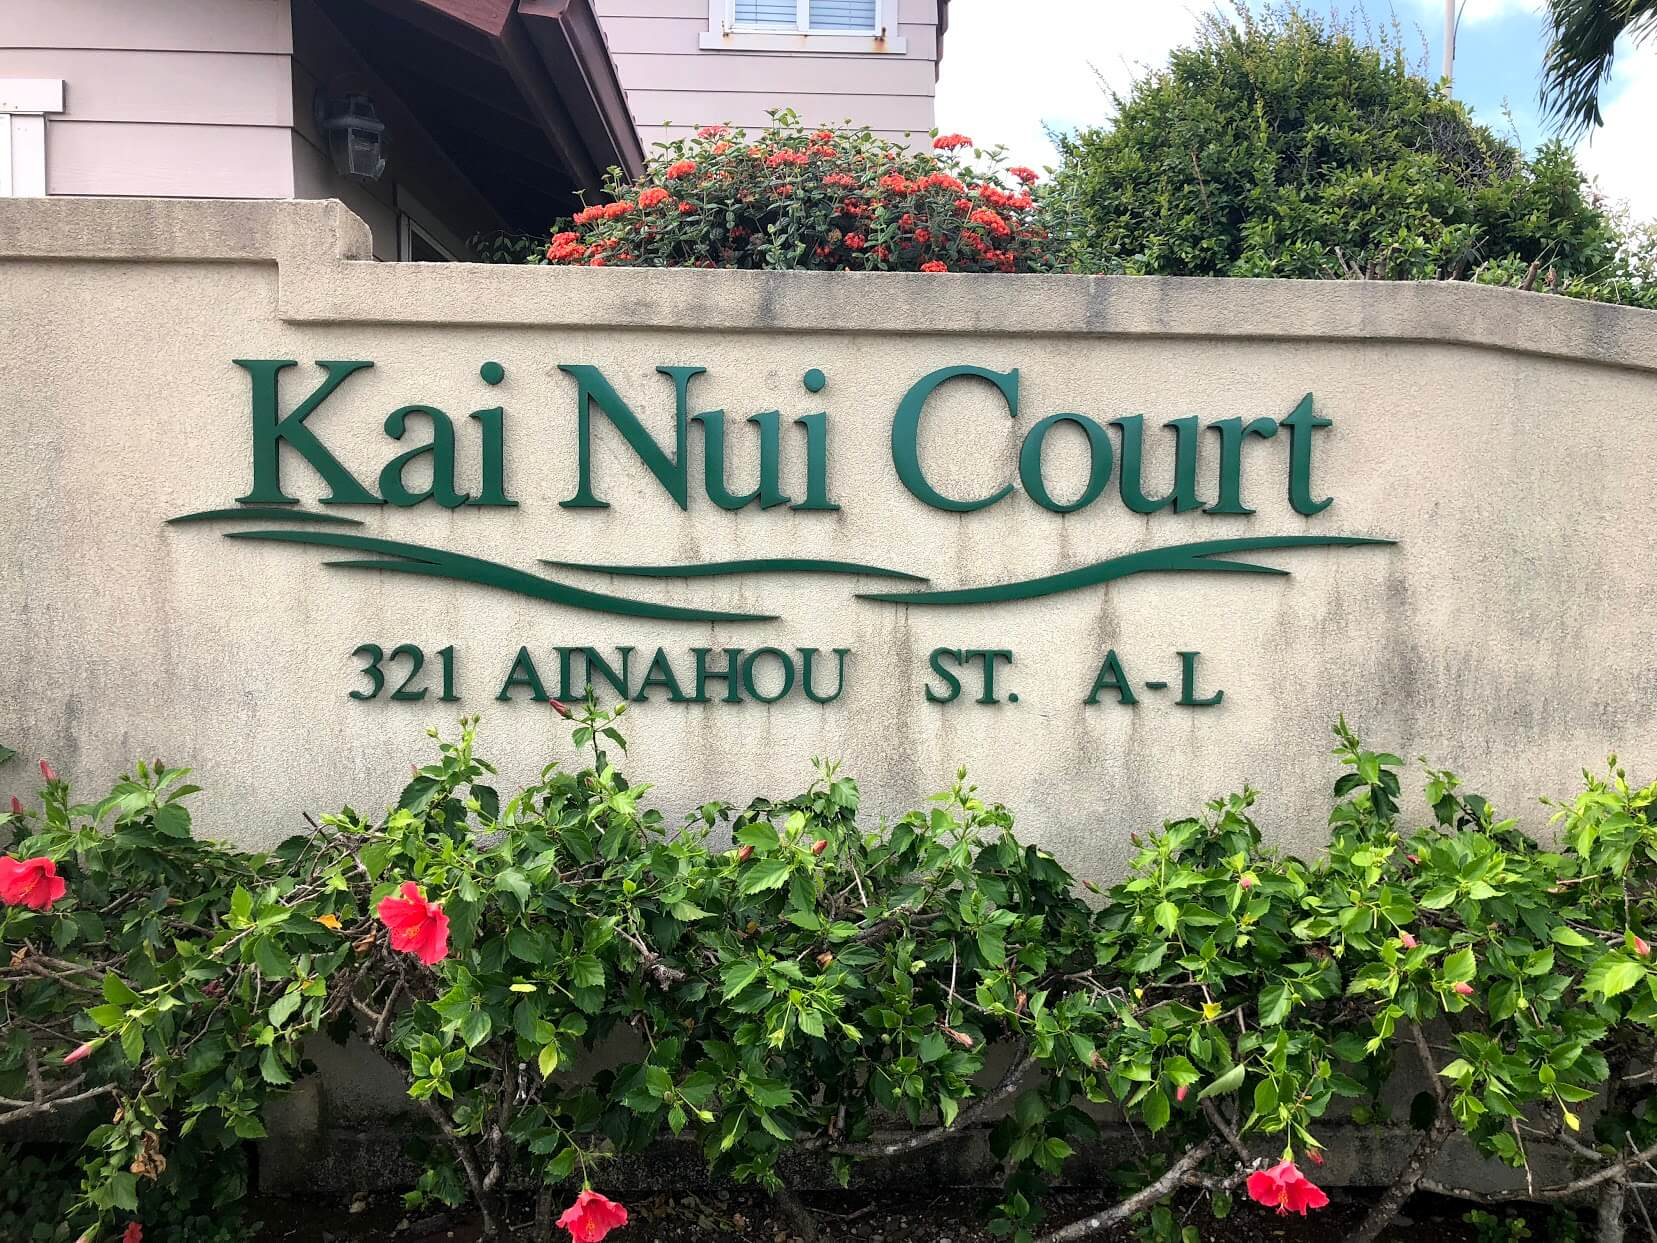 Kai Nui Courtの看板
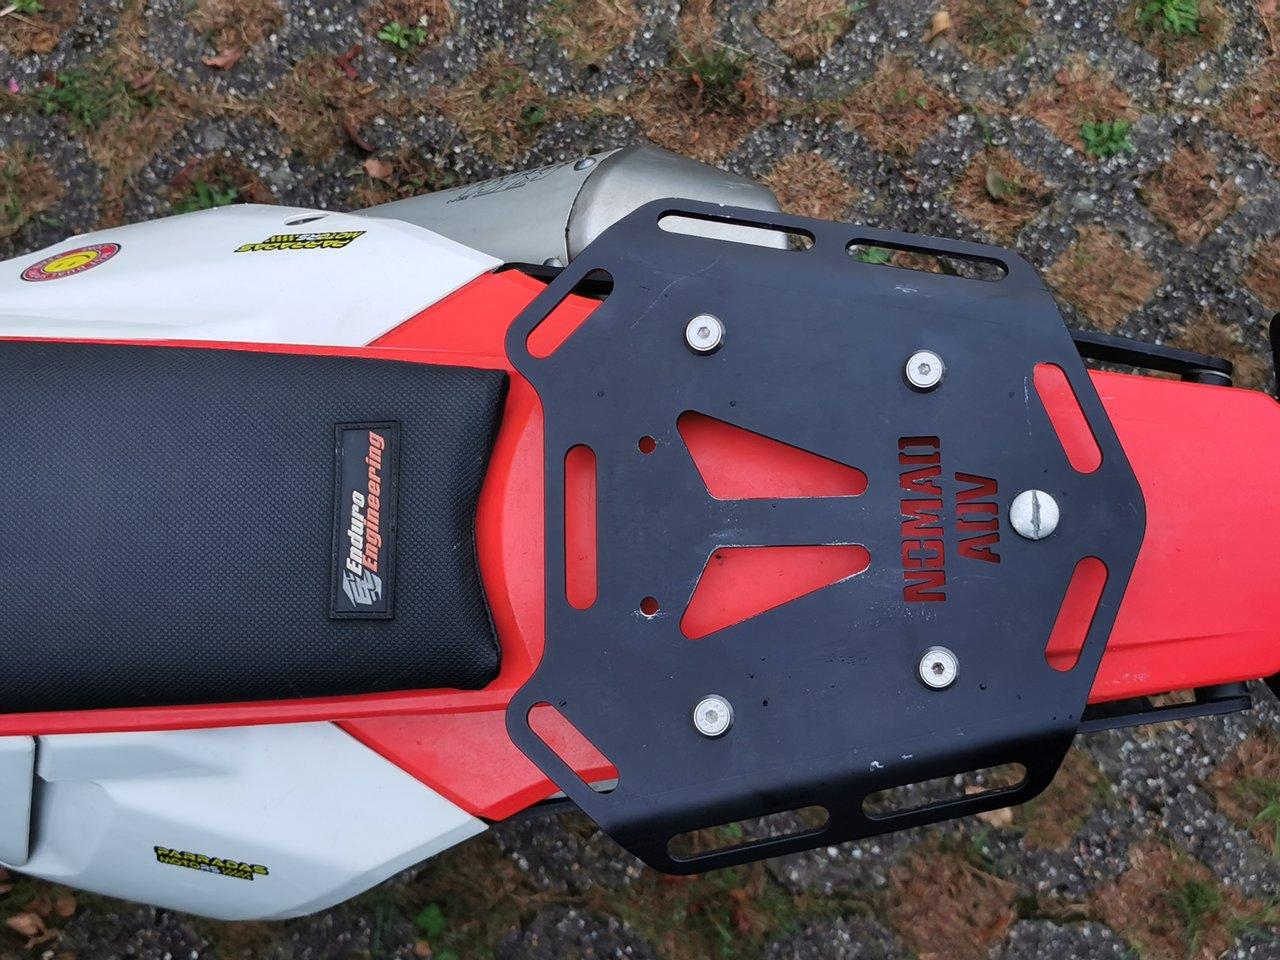 VDS KTM 450 EXC 2019 - utilisation adventure - VENDU 40690376nx
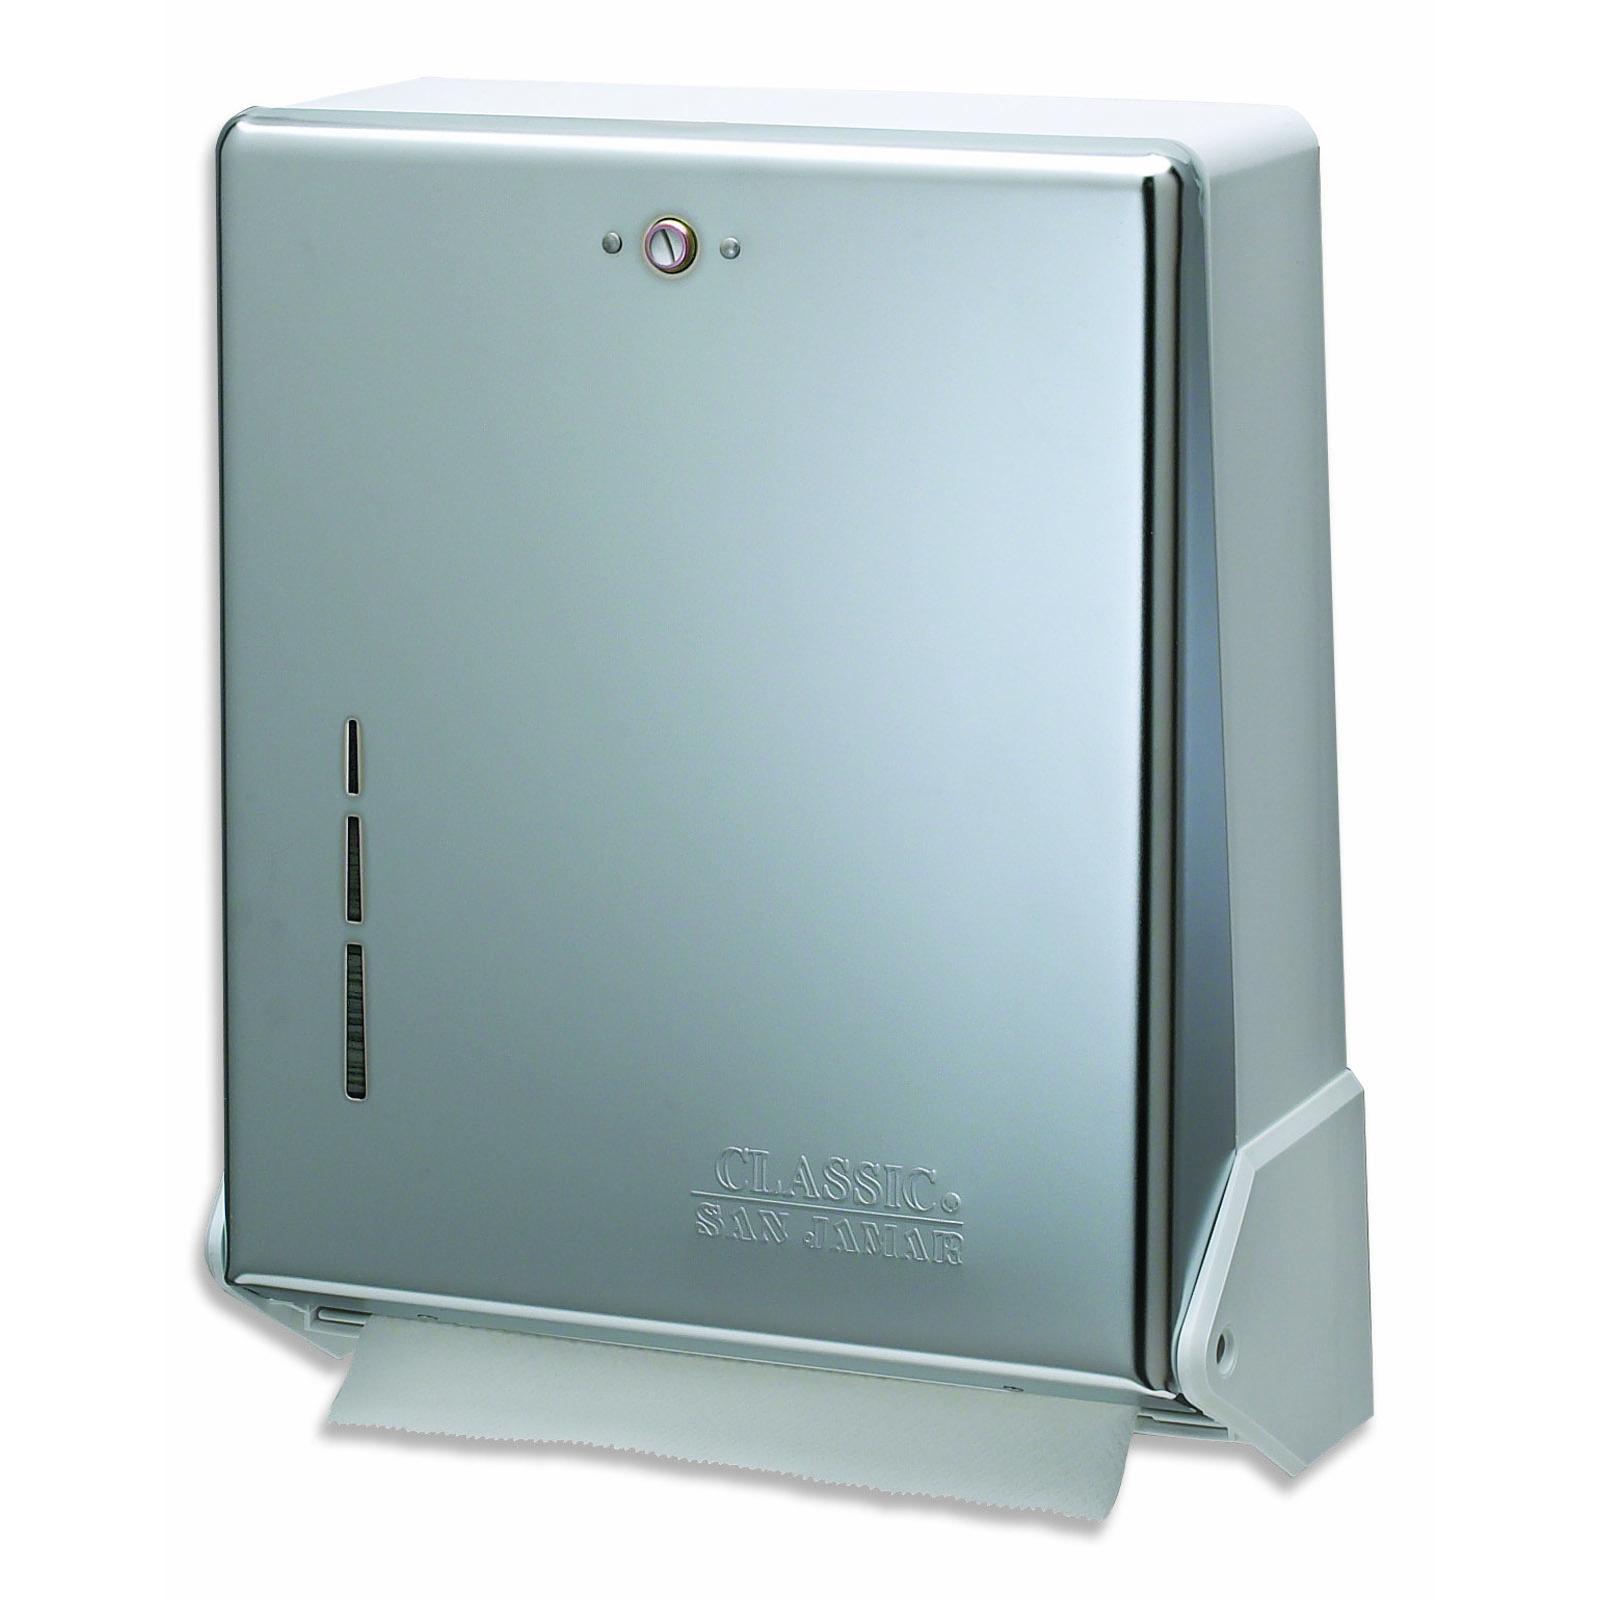 San Jamar T1905XC paper towel dispenser

Exercise objective: Print the entire listing precisely as written, omitting the images it holds.

Completed exercise:
 Kai Nui Courtの看板
 VDS KTM 450 EXC 2019 - utilisation adventure - VENDU 40690376nx
 San Jamar T1905XC paper towel dispenser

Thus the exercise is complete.